Journalism 133: Prof. Craig: Readability: Opinion Column Example

Readability: Opinion Column Example

Read this edited excerpt from an opinion column published a few years ago, then discuss what could be done to make it more readable.

What a miserable, fumbling, timid aggregation of political trimmers and panhandlers our Congress is these days when it is openly said and never denied because it is wretchedly true, that the lawmaking body of a nation which purports to be the greatest republic on earth is afraid to pass any law that would place decent restraints on an organized mob of racketeers and dictators because the President won't give the high sign. 

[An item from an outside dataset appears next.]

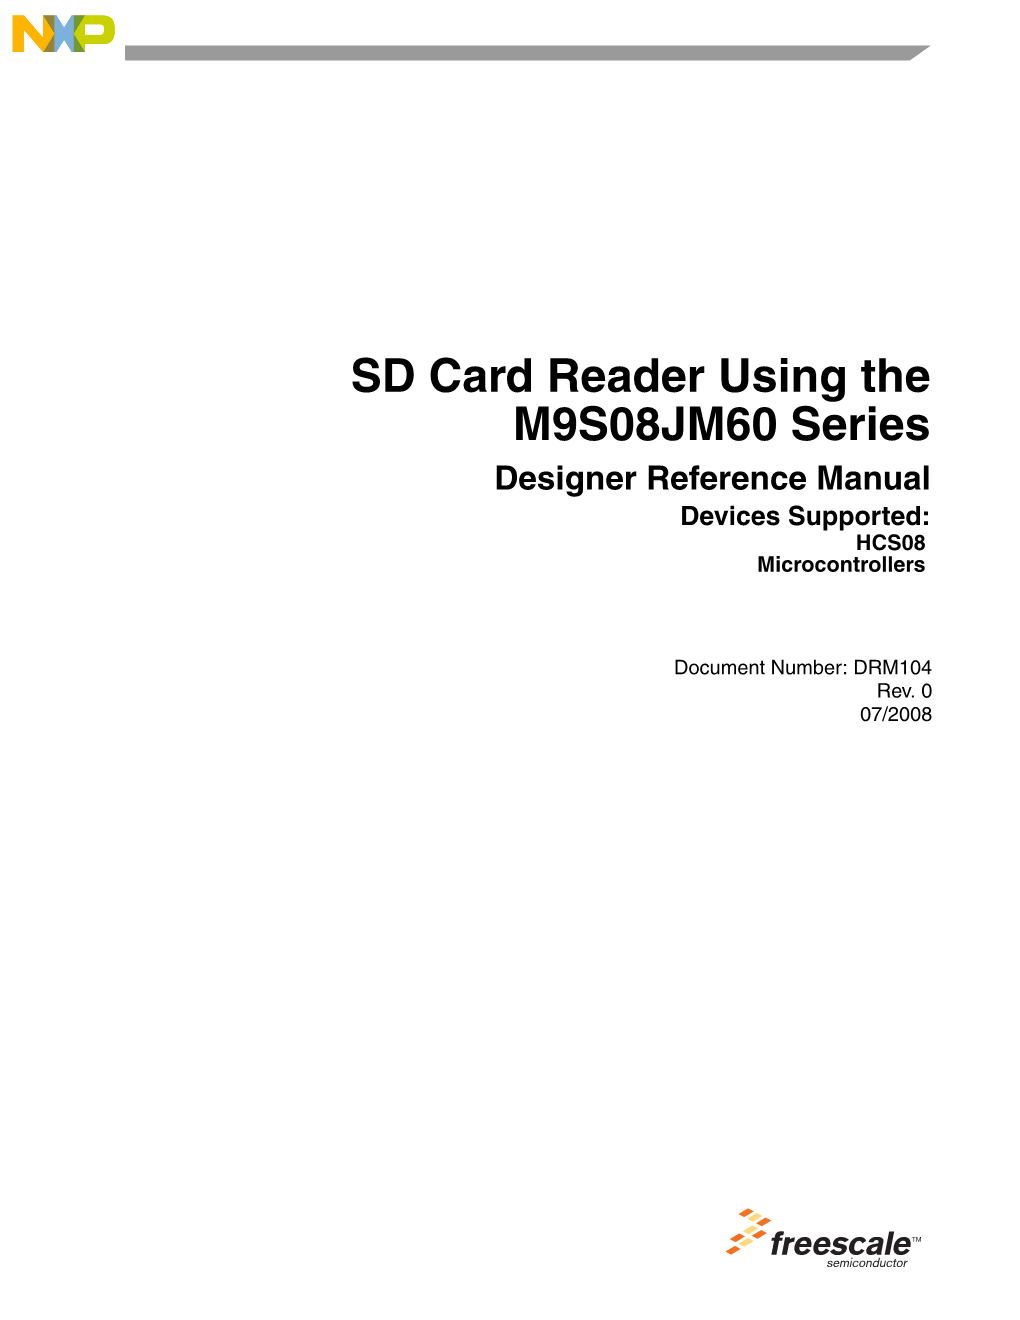 SD Card Reader Using the M9S08JM60 Series Designer Reference Manual Devices Supported: HCS08 Microcontrollers
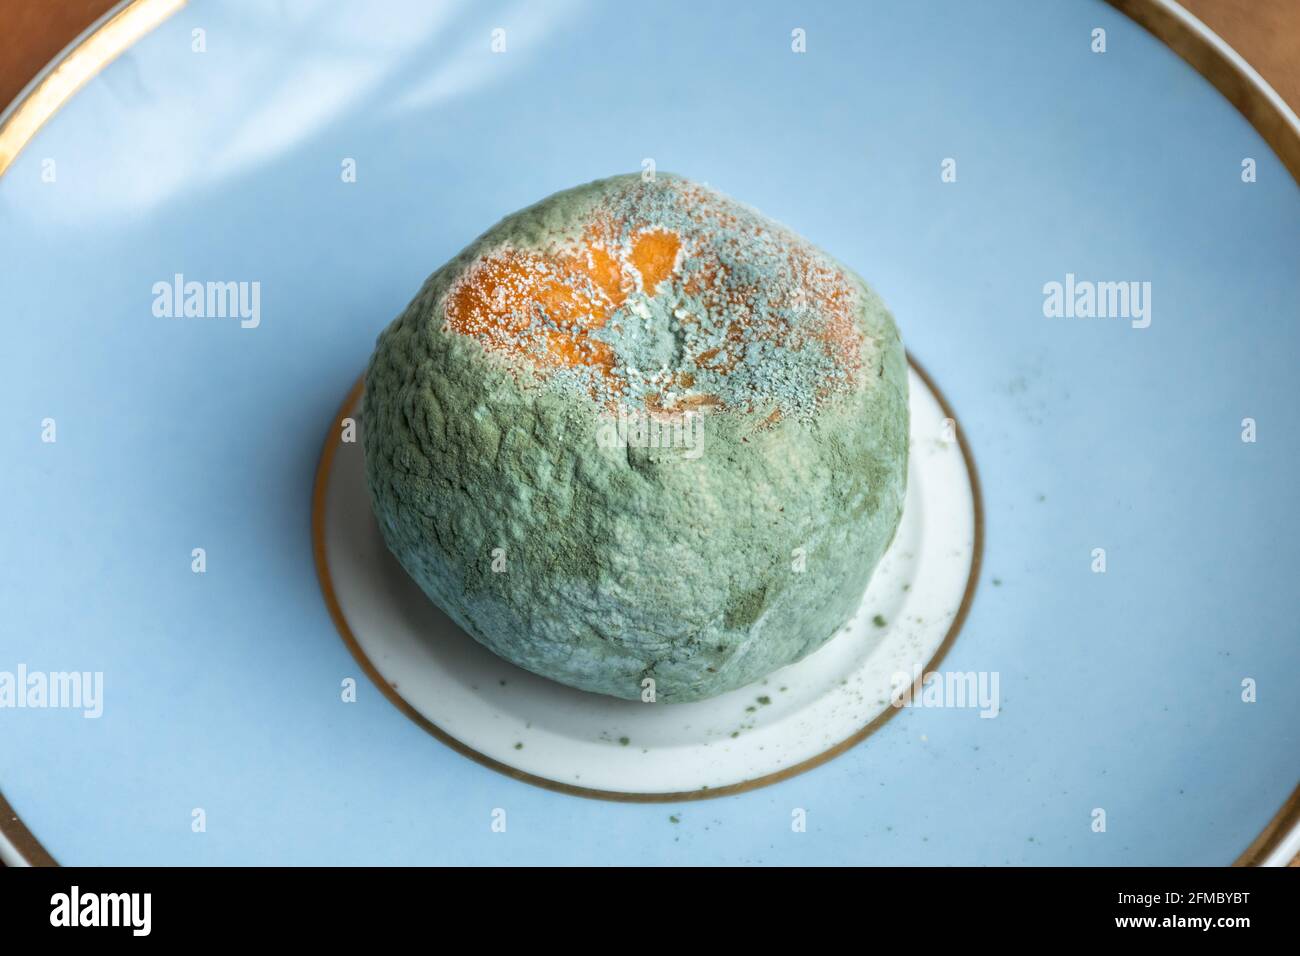 Mouldy satsuma or clementine, moldy fruit, on a saucer Stock Photo

The President of the United States is not the legislative body. He is the Executive, the general manager, the chairman of the board, and he has no right to give orders to Congress, but a duty to take orders and execute them. Congress has a duty to issue such orders, and the Members of both Houses are guilty of a crime against the people and the American form of government when they deliberately refuse to perform their job. The President's advice may be sought and respected, but there was no intention ever that he should tell Congress what laws it must pass and what laws it must refrain from passing. 

Nevertheless the National Legislature of the United States has abdicated its powers. Its duty and all but the petty rewards of office are now so far gone, in whining, yellow submission to the rule of the boss that the Members openly admit that all legislation must have approval of the White House... (This) pathetic crowd of flabby political slobs are selling out the American people today at the price of their contemptible patronage jobs and Treasury hand-outs with which to buy their own reelection. They talk of the robbery, extortion, physical brutality, and arrogant suppression of citizens' plain rights by groups of thugs, thieves, and anti-American conspirators, and they conduct investigations which prove their worst gossip and suspicions. But, in all these years not one law have they had the honor and manhood to enact which would trim the powers of these undisguised rascals. They drag witnesses to Washington to give irrefutable and undisputed evidence of the viciousness which is corrupting the whole Nation; they draft bills. They argue and then, having discovered the foul truth, they whimper like a kennel of foul curs because the President won't give them his gracious permission to do their obvious duty. There are said to be some men in both Houses in whim self-respect and honesty are not quite dead, but if so they are so inexcusably docile or dumb that all few of them together can't even raise a row. And all of those appalling frauds who clown it before the country as friends of labor are, on the contrary, traitors to the interests and rights of the very people whom they profess to serve best and have sold them down the river to a vile and greedy a lot of slave drivers.  They know and admit that millions of dollars have been wrung from the sweaty grasp of common breadwinners by the most rapacious gang of thieves that ever preyed on humankind. 

It isn't that the United States Congress lacks information or the authority to restore freedom to the people and destroy this monstrous outrage. These aren't the lack. What the United States Congress lacks is guts, and when the flag of the new order is unfurled it should contain a broad yellow streak in memory of the men who sold their country out for a few lousy jobs.